# Manchester Reptile Club 14 (Feb 26th)



## mrcriss (Nov 2, 2010)

Here you go Boys & Girls.










Just a social evening for the February meet......we can't have major events EVERY month 
There's tons of good stuff coming up later in the year, including a MAHOOSIVE (secret) publicity event that will make last year's tele show seem like ceebeebies! (more about that closer to the time)

Our busy Facebook groups are where everything gets announced first these days, and are great places for lively friendly banter and classified ads.
Here's the chat group link:
https://www.facebook.com/groups/Manc...group_activity

And here's the classifieds group:
https://www.facebook.com/groups/190407401027662/

Please please please pay a little attention to the rules stated on the poster here, 'cos the committee are a little bit tired of being dragged to one side at the meets by people moaning at us about them......there's only a few rules, and they're there to keep as many people happy as possible 

Have a lovely few weeks, and I'll see you soon! x


----------



## [email protected] (Oct 22, 2008)

AWESOME!!!!!!!!!!!!!!!!!!!!!!!!!! 
:roll2::roll2::roll2:


----------



## topov001 (Jan 25, 2011)

Bump  

Really is a great night for all those that can get there.


----------



## Bensreptiles1 (May 26, 2011)

Bump.:up: Come on people this is one of the best reptile clubs around  :no1:


----------



## julie and iain (Nov 18, 2011)

oooh chris, keeping us gyessing eh??? we ll be there anyway as usual. lots of love, really enjoyed jans.:flrt:


----------



## mrcriss (Nov 2, 2010)

So this is tonight everyone.
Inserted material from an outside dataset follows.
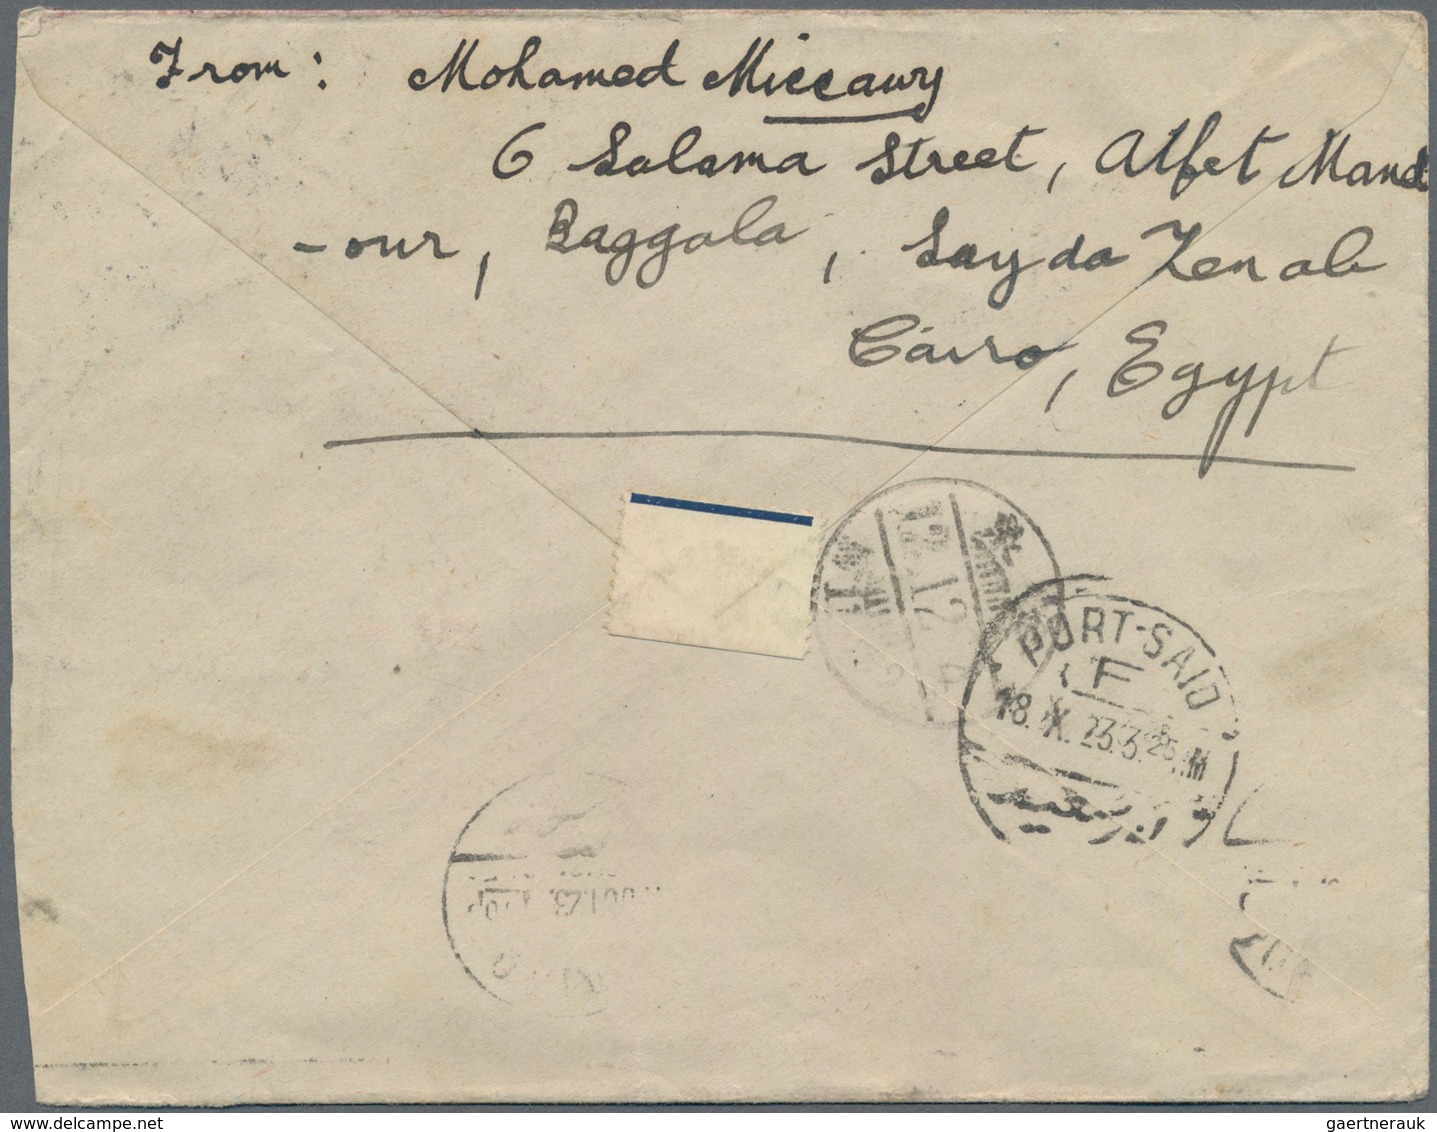 Ägypten: 1922/23, Two Covers With 15 C. Frankings From "SAIYIGA ZENAB" Or "CAIRO" To Kinsen/Korea, E - 1866-1914 Khedivato De Egipto

If you've never been before, then please don't be shy....we regularly get between 80-100 people with tons of pets, and everyone is super-friendly.

PLEASE make sure you enter through the side door to the left of the pub.

See you tonight!:2thumb:


----------



## Bensreptiles1 (May 26, 2011)

bump for the meet thats tonight


----------



## [email protected] (Oct 22, 2008)

I'm sooo sorry I couldnt make it  I hope you can forgives meeee... Mr lovely chris


----------